Apparently, I break bowls. And other things that are, I guess, breakable. I’m not entirely sure when this breaking of the things began. Maybe it started all the way back about nine when I threw a football through my uncle’s glass window. From inside the living room. It seemed like a good idea at the time to play football inside their house. My angered parents and relatives helped me understand extremely quickly that it was in fact actually a very bad idea. Or perhaps it began with the glass, apple-shaped candy dish that didn’t survive the horsing around at age eleven. Come to think of it, the raised baseball bat taking out the glass light fixture in my room at twelve could have been the starting point.
Anyways. The breakage all started (again) when out of the goodness of my heart, I was putting away a glass bowl with leftovers into the refrigerator. Instead of cooperating appropriately as I carried it to the shelf, that cold, shiny enemy decided to slip out of my hand and land with a loud shatter on the kitchen floor. Out with the leftovers and out with the bowl.
We all know glass breaks. So sometimes, it’s bound to happen. But for me, bowl one turned out to be only the beginning. That first bowl started a domino effect of breakage that has carried us through an entire bowl set and into another. In the course of the next few weeks, it seemed every other day a bowl would jump from my hands to quickly scatter in pieces all over the floor. Big serving dishes. Blue decorative salad bowls. Smallish ones. White cereal bowls. It didn’t matter.
But it wasn’t just bowls. My breaking ways carried us right into the Christmas season when I inadvertently took down an entire ceramic nativity set. The decorative display of wise men, Mary, Joseph, shepherds, animals and of course baby Jesus sat in peaceful serenity on our back shelf until I happened. Hovering above, a display case of tea cups looked down. This shelf had atop old, heavy medicine bottles for decoration. As I closed our back door one evening, these bottles, at the shake of the door closing, became glass missiles aimed at the nativity set below. Little survived.
You’d think I would learn my lesson and deal only with plastic. You’d think I would leave all the glass work to my wife. Not hardly. Stubborn me kept plowing through. And I was sensing a respite. It had been quiet for a few weeks. Too quiet.
As I put one of our new glass bowls into the refrigerator, it fell. This time though, it didn’t break. I picked it up, escaping the inevitable only for a brief moment. I placed it back on the shelf, and when I took my hand away, it followed me right back out and onto the floor with a crack.
My wife and son? Laughing uncontrollably in the living room at my latest broken bowl.
Me? I’m done. Glass is no more. I revoke my privileges from here on out to deal with any glass. Of any kind. At any time. That is, until my manly pride leads me back to prove victory over these fragile enemies of my sanity.
At least the bowls aren’t too valuable. Like the light globe, candy bowl, or window of my childhood days, glass can be replaced. Some other stuff doesn’t replace nearly as easily. Break a bowl? Clean it up with a broom and dustpan. Break your child’s heart with a forgotten promise? That wound may take months or even years to heal. Destroy a window? A repairman, replacement window, and some extra cash fixes it quickly. Break trust with your wife? You may never recover all the scattered pieces. Shatter a nativity set? See the broom and dustpan again. Shatter your relationship with God’s people with missiles of bitterness, hatred, or dishonesty? You may never put back together those invaluable confidences.

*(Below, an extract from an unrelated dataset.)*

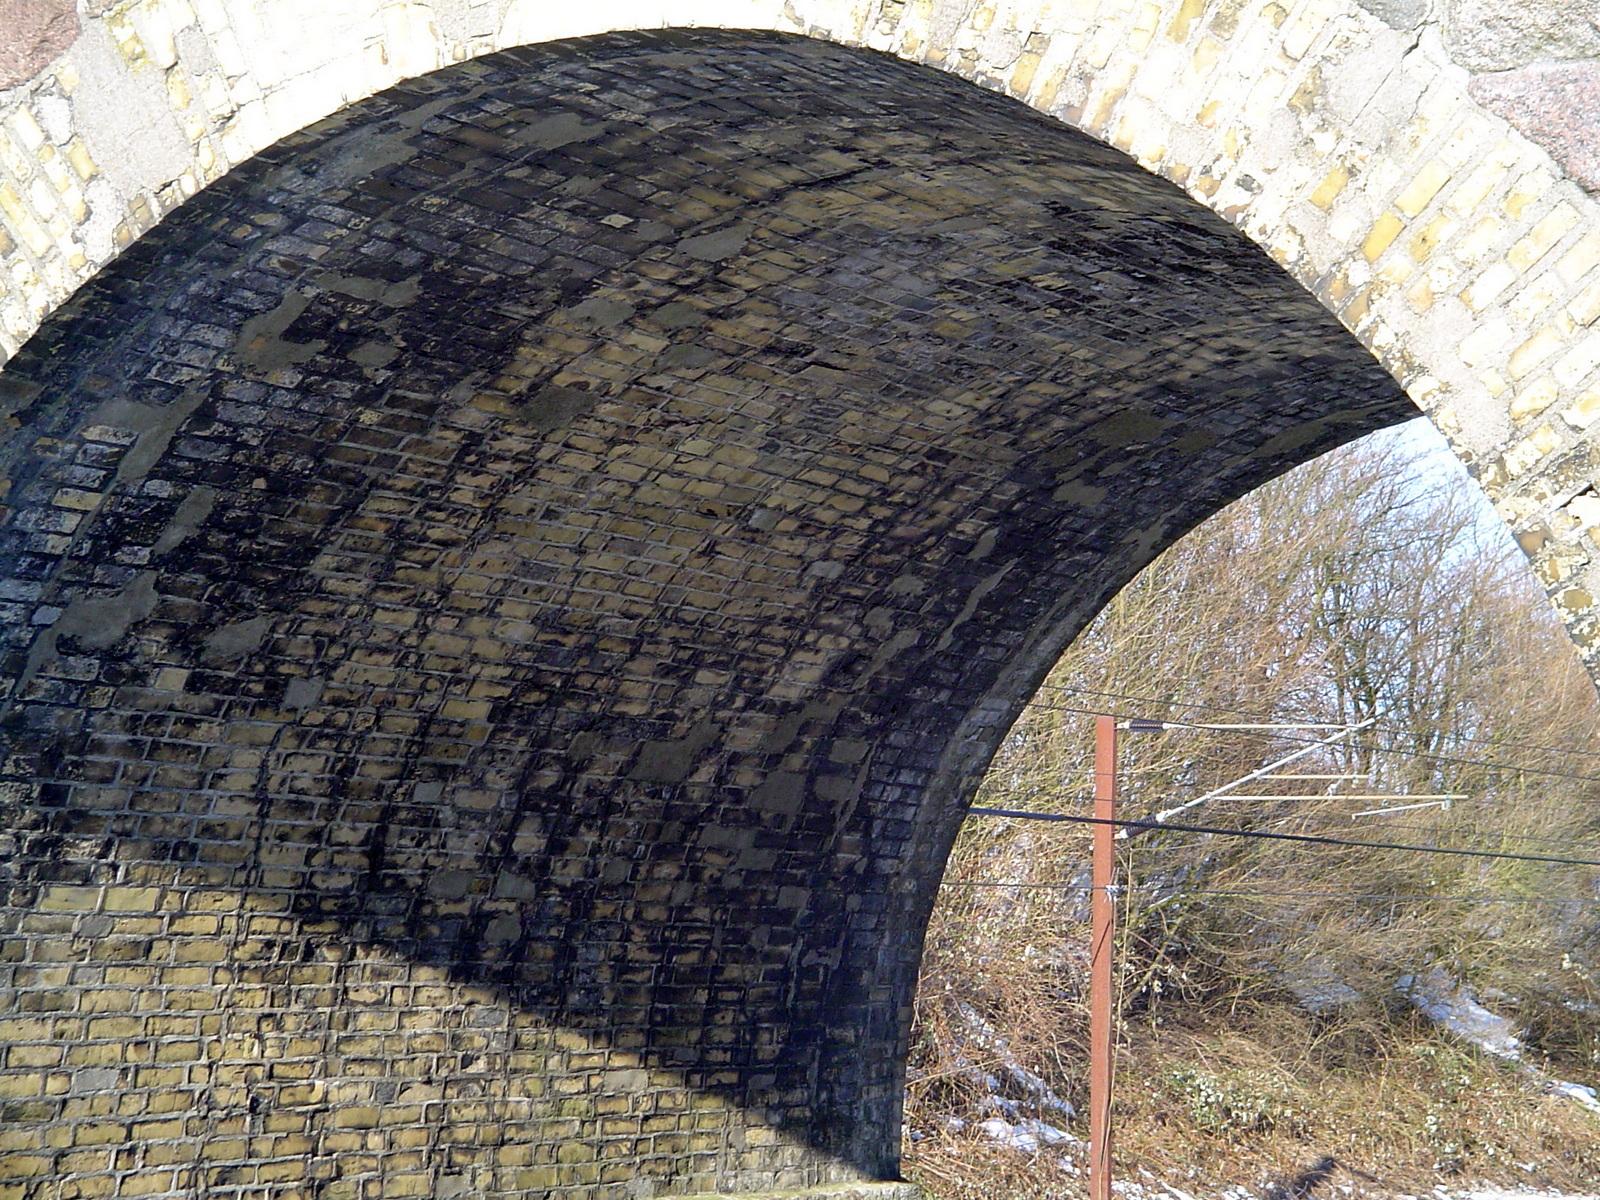 1800 tallets ingeniørkunst i mursten.

When we break the trust of people, we have only one place to turn. Jesus. For mercy. In the parable of the Pharisee and tax collector, Jesus teaches us that God will forgive the thieving, destructive path of tax collectors and other such trust breakers, if they will honestly and decidedly plead for mercy.
13 “But the tax collector, standing far off, would not even lift up his eyes to heaven, but beat his breast, saying, ‘God, be merciful to me, a sinner!’ 14 I tell you, this man went down to his house justified, rather than the other. For everyone who exalts himself will be humbled, but the one who humbles himself will be exalted.”
How? He owned his breakage. He confessed it. He pleaded mercy from the only one who could fix it. Interestingly enough, one chapter over in Luke’s gospel, Jesus introduces us to another tax collector much like the one from the parable (see Luke 19:1-10). Zacchaeus, the thieving defrauder and breaker of trust confessed his destructiveness, and by the power of Jesus’ life-changing salvation, promised to make right his wrongs.
8 And Zacchaeus stood and said to the Lord, “Behold, Lord, the half of my goods I give to the poor. And if I have defrauded anyone of anything, I restore it fourfold.” 9 And Jesus said to him, “Today salvation has come to this house, since he also is a son of Abraham. 10 For the Son of Man came to seek and to save the lost.”
Don’t be like me. Avoid the bowls!
Don’t be like Zacchaeus. Guard the trust of others. But if you do find yourself breaking others’ trust in you, find Jesus. He forgives (and fixes) trust breakers. And thankfully, bowl breakers too.